PhillyDeals: Delay of State Office Building sale costly
Two years after Pennsylvania announced the sale of the State Office Building at 1400 Spring Garden St. to developer Bart Blatstein's Tower Investments, delays have cost both sides.

Two years after Pennsylvania announced the sale of the State Office Building at 1400 Spring Garden St. to developer Bart Blatstein's Tower Investments, delays have cost both sides.
The sale is now scheduled to close by July, for around $23.4 million, down from the original price of $25.2 million, according to James P. Creedon, secretary of the state's Department of General Services.
That's because the state took longer than expected to negotiate replacement rental offices at 801 Market St., owned by Pennsylvania Real Estate Investment Trust.
"We bid the building first. We got a great price. Then we bid the leases, [which] took longer than planned," said Creedon. When the state couldn't leave on time, he said, it was easier to cut the sale price than to pay Blatstein rent.
But when Pennsylvania was finally ready last fall, Blatstein didn't have financing in place. He asked
for a delay, and since January he's been paying General Services $40,000 a month, Creedon said. Blatstein's firm has also made a $2.8-million down payment.

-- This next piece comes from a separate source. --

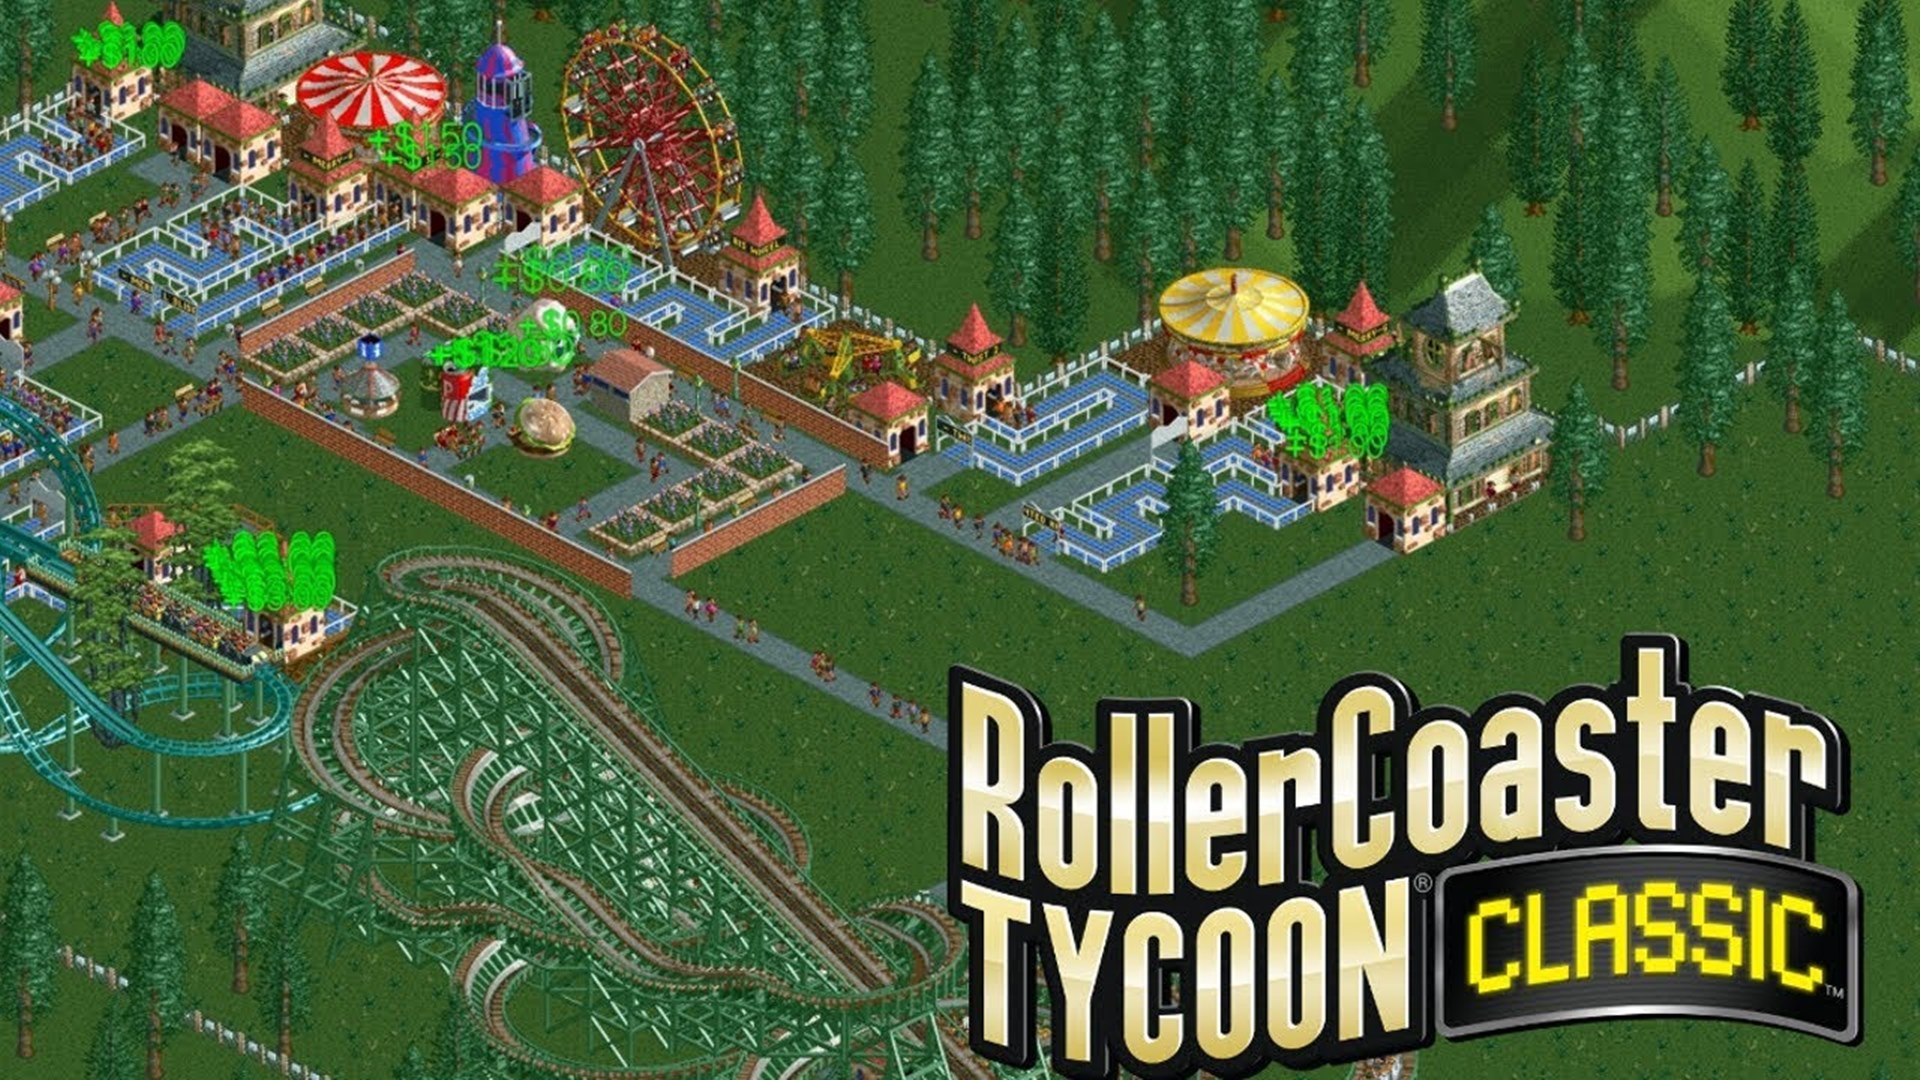 RollerCoaster Tycoon Classic está disponível para PC e smartphones atualmente.

"The initial delay was the state," Blatstein told me. "They weren't prepared to close because the space they were moving to wasn't completed. The state's delay pushed me into the depths of the real estate depression. Otherwise I would have [financed the deal] already."
Blatstein said city zoning officials have approved his plans for 204 apartments in the office tower, renting for "around $2,000 a month" (two-bedroom) or "in the teens" (one-bedroom). The conversion would take about eight months, once it's funded.
Future and as-yet unscheduled plans call for a two-story, 70,000-square-foot retail building along Broad Street, and a 20-story, 100-home tower across the lot at 15th and Buttonwood.
Where's SunGard?
We hadn't heard anything about the 2009 earnings report from SunGard, the Wayne-based software and data-recovery company, so I called yesterday to ask. SunGard promptly announced it will report March 15. No explanation.
The last three years, SunGard put out year-end numbers in mid-February, notes SunGard veteran Jeff Wagner, now head of Waypoint Advisory in Thornton.
The delay follows changes at the top of SunGard. In January, chief financial officer Mike Ruane, whose office produced the corporate numbers, moved over to take the CFO job at SunGard Availability Services, the company's data-recovery unit.
Last month, Ruane's boss, Availability chief executive Eric Berg, left, and SunGard CEO Cristobal Conde moved temporarily into that job.
When I asked, SunGard spokeswoman Valeria Maltoni had told me SunGard will have a statement on its 2009 earnings when it's ready.
Wagner says SunGard-watchers expect the company is talking to potential buyers for the Availability Services unit, which has cut costs as business slowed.
Like who? "Hewlett Packard has deep pockets, and they have their own small disaster-recovery business," Wagner said. Dell and EMC are also "potential acquirers," he added. Verizon and Comcast, which are trying to build their corporate clientele, could also be attracted, said Wagner.
Card chief out
Richard K. "Ric" Struthers "decided to leave the company" after Bank of America Corp. eliminated his job as head of the nation's biggest credit-card business, based in Wilmington, the bank said yesterday.
Susan Faulkner, a 25-year BofA veteran based at the company's Charlotte, N.C., headquarters, will combine Struthers' duties with her job as head of deposit banking, reporting to consumer-lending boss Joe Price.
BofA has cut thousands of the 25,000 formerly employed by MBNA at Wilmington and other sites.
Struthers had helped land one of MBNA's biggest and earliest clients, Pennsylvania State University, his alma mater. MBNA issued credit cards for tens of thousands of Penn State students and graduates, profiting from their fees and interest rates, in exchange for small cash grants each year.
MBNA made big profits from similar deals with hundreds of colleges, sports leagues, and professional groups.
But BofA's credit card business "lost more money in 2009 than it earned in the previous three years" since the takeover, Rochdale Securities analyst Richard X. Bove told clients in a report yesterday. "The main problem is that the business is saturated."